What the task asks. Pull out every line from the line containing "Epson L3250 Wi-Fi Driver" through the end of the material, both ends included, and reproduce it exactly. Keep pictures out.

Information supplied.

□ □ □ □ □

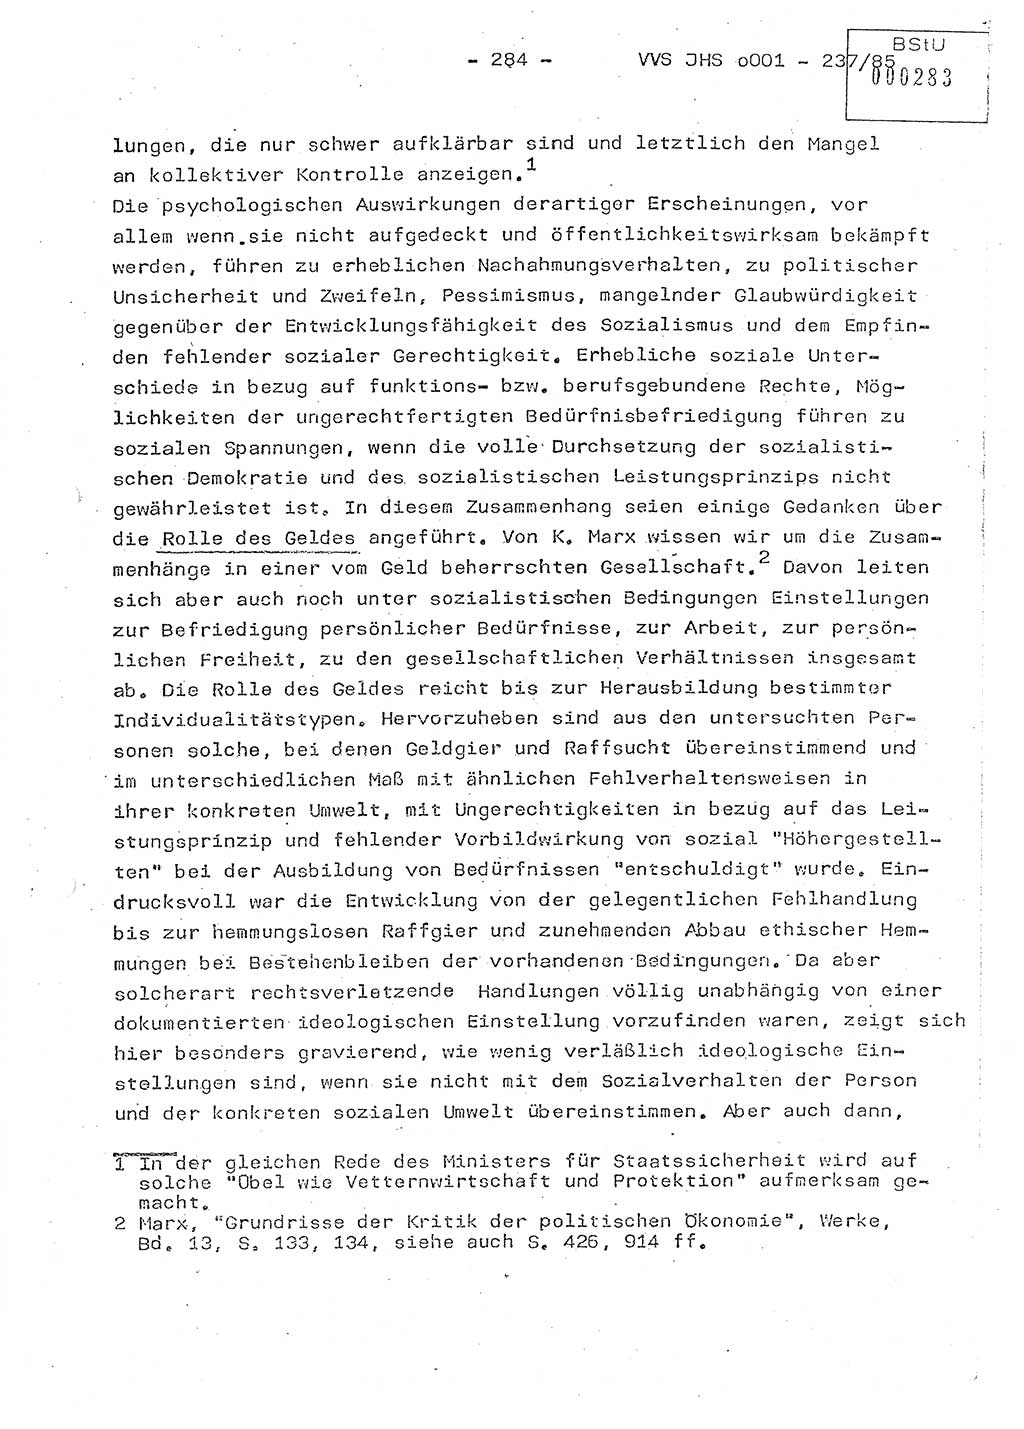 Dissertation Oberstleutnant Peter Jakulski (JHS), Oberstleutnat Christian Rudolph (HA Ⅸ), Major Horst Böttger (ZMD), Major Wolfgang Grüneberg (JHS), Major Albert Meutsch (JHS), Ministerium für Staatssicherheit (MfS) [Deutsche Demokratische Republik (DDR)], Juristische Hochschule (JHS), Vertrauliche Verschlußsache (VVS) o001-237/85, Potsdam 1985, Seite 284 (Diss. MfS DDR JHS VVS o001-237/85 1985, S. 284)
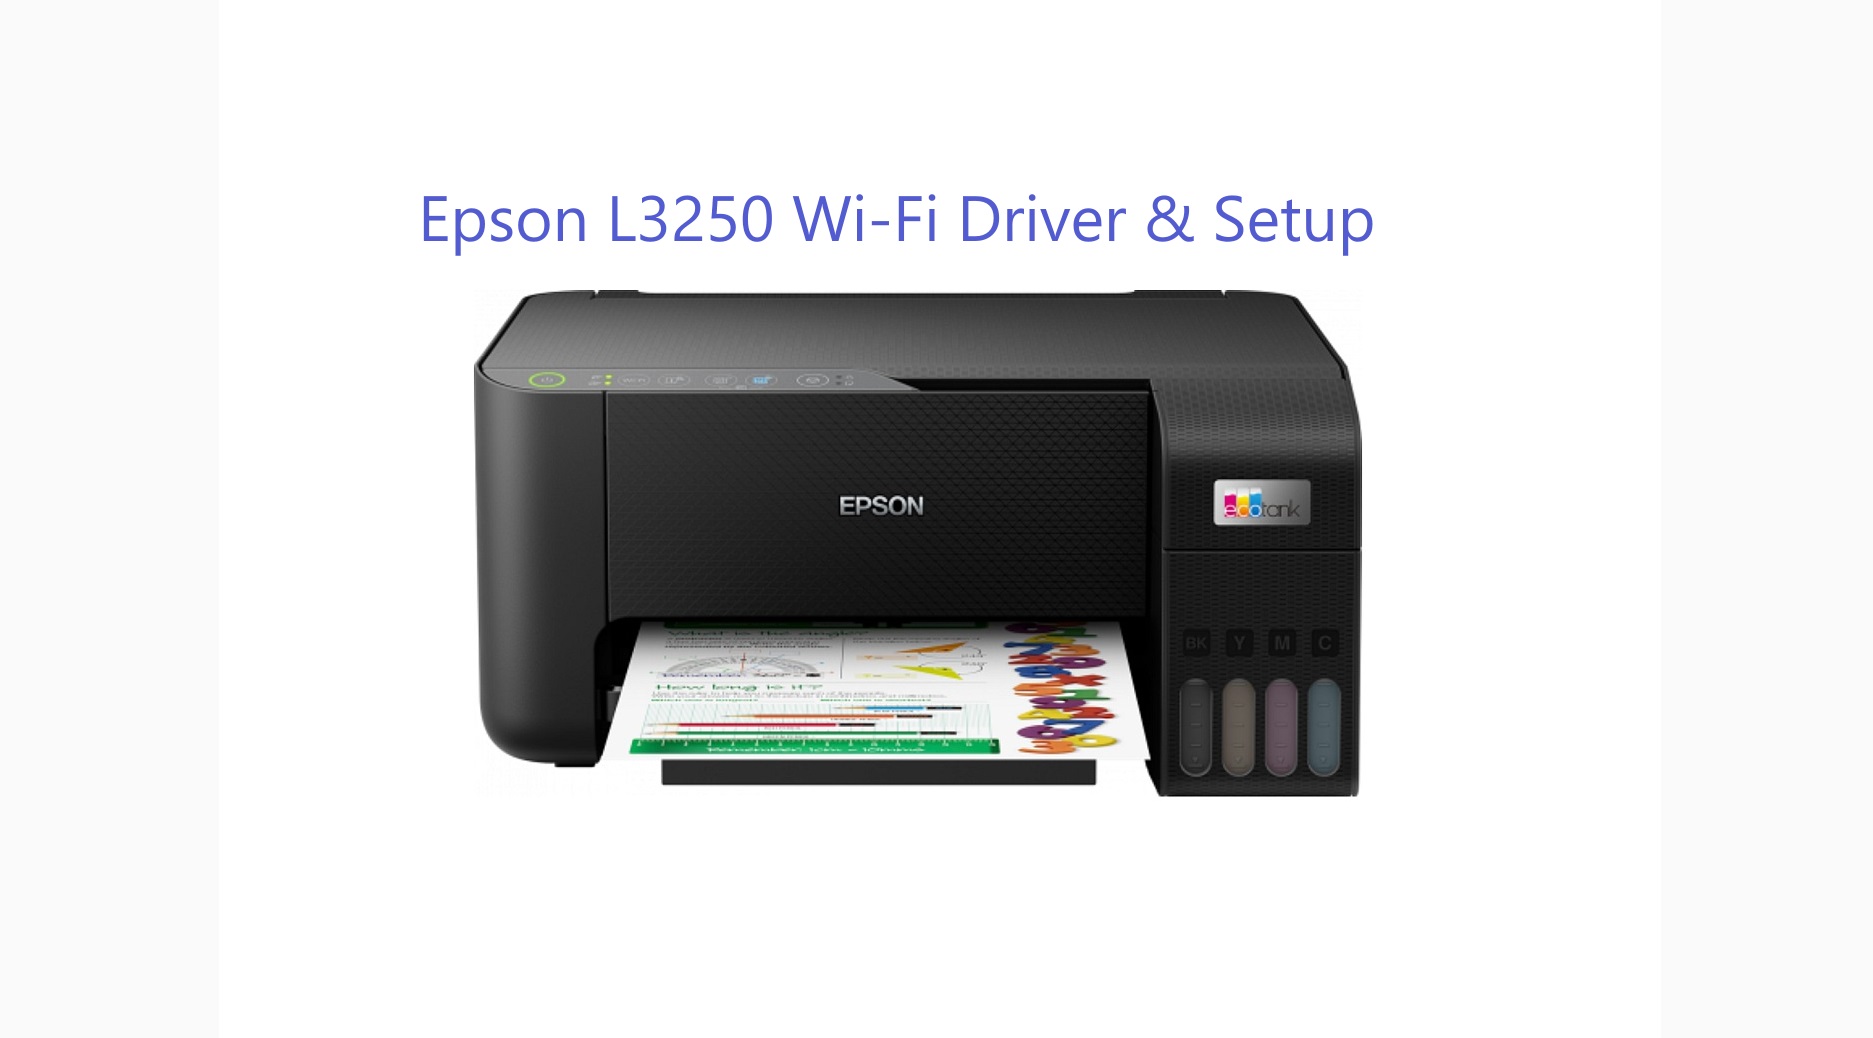 Epson L3250 Wi-Fi Driver
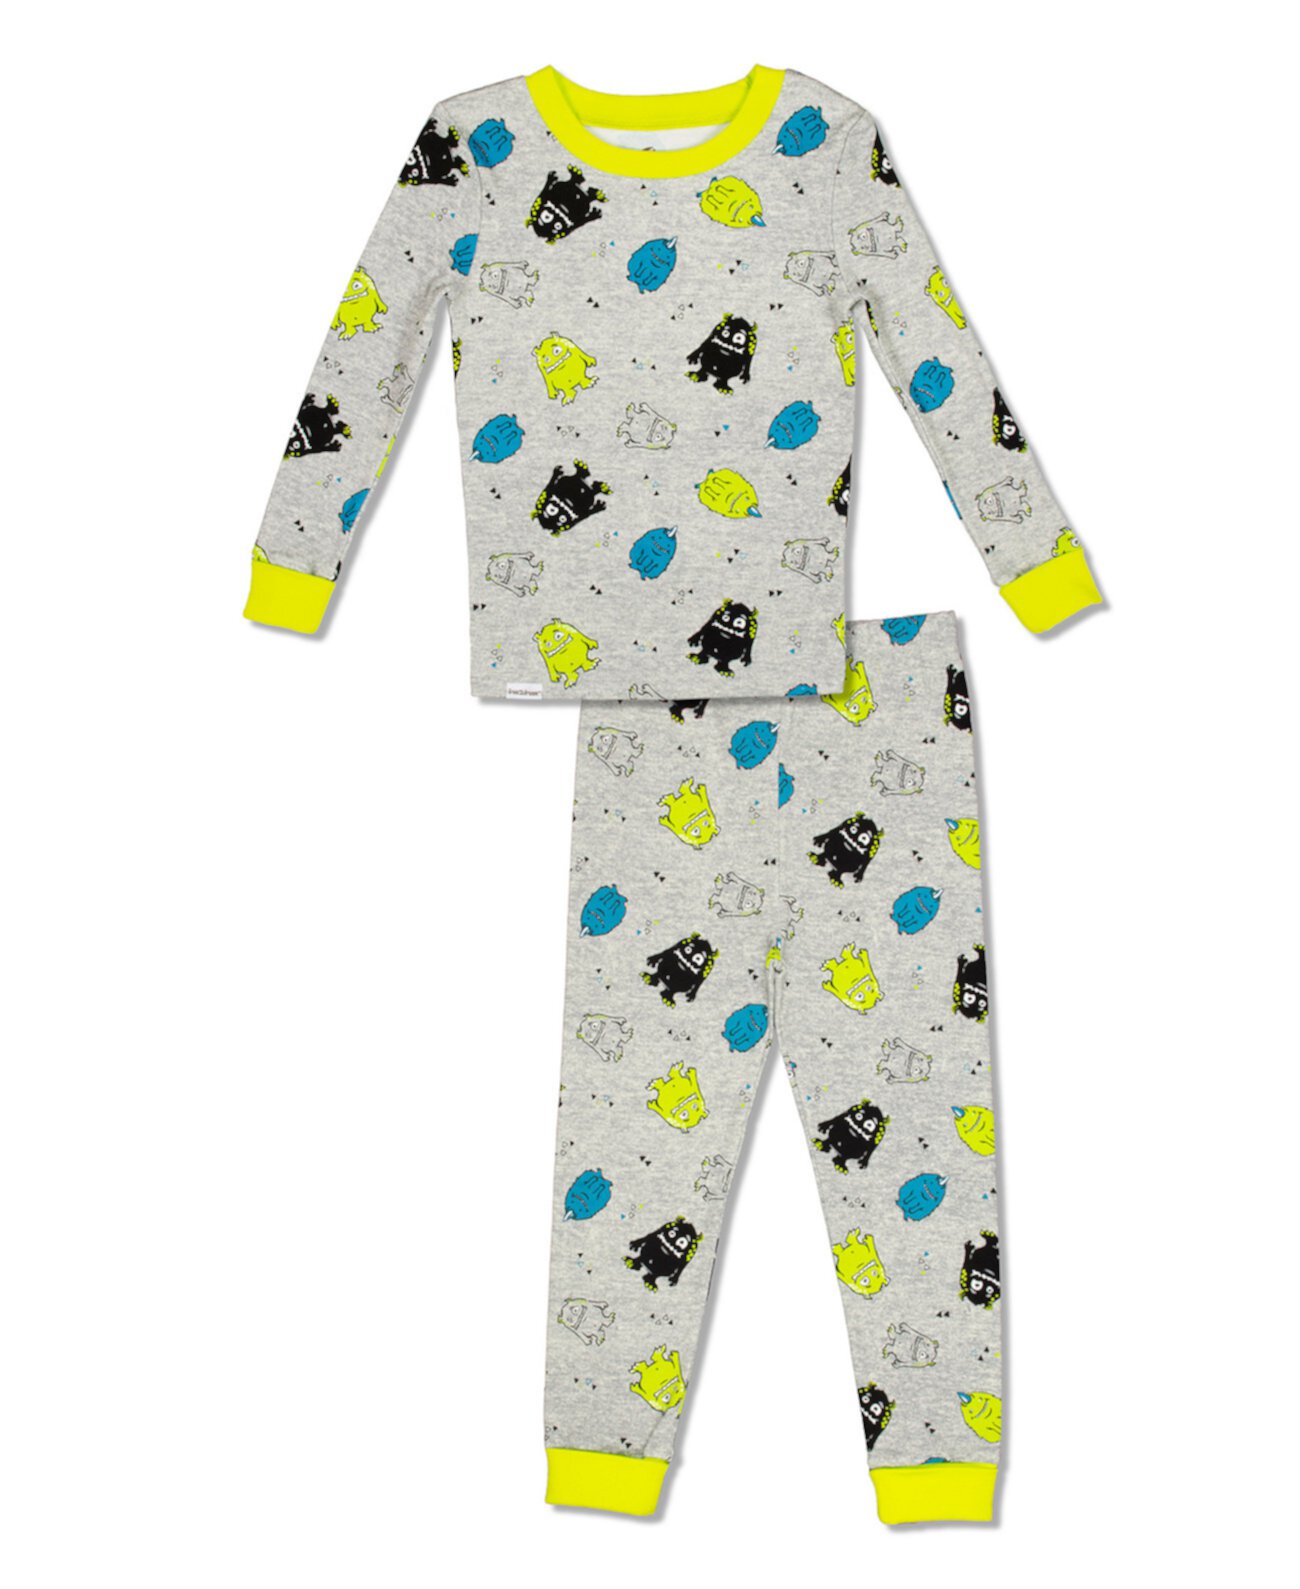 Хлопковая пижама из 2 предметов с принтом маленьких и больших монстров для мальчиков с манжетами Grow with Me Free 2 Dream

□ □ □ □ □

Solution to the exercise.
 Epson L3250 Wi-Fi Driver
 Хлопковая пижама из 2 предметов с принтом маленьких и больших монстров для мальчиков с манжетами Grow with Me Free 2 Dream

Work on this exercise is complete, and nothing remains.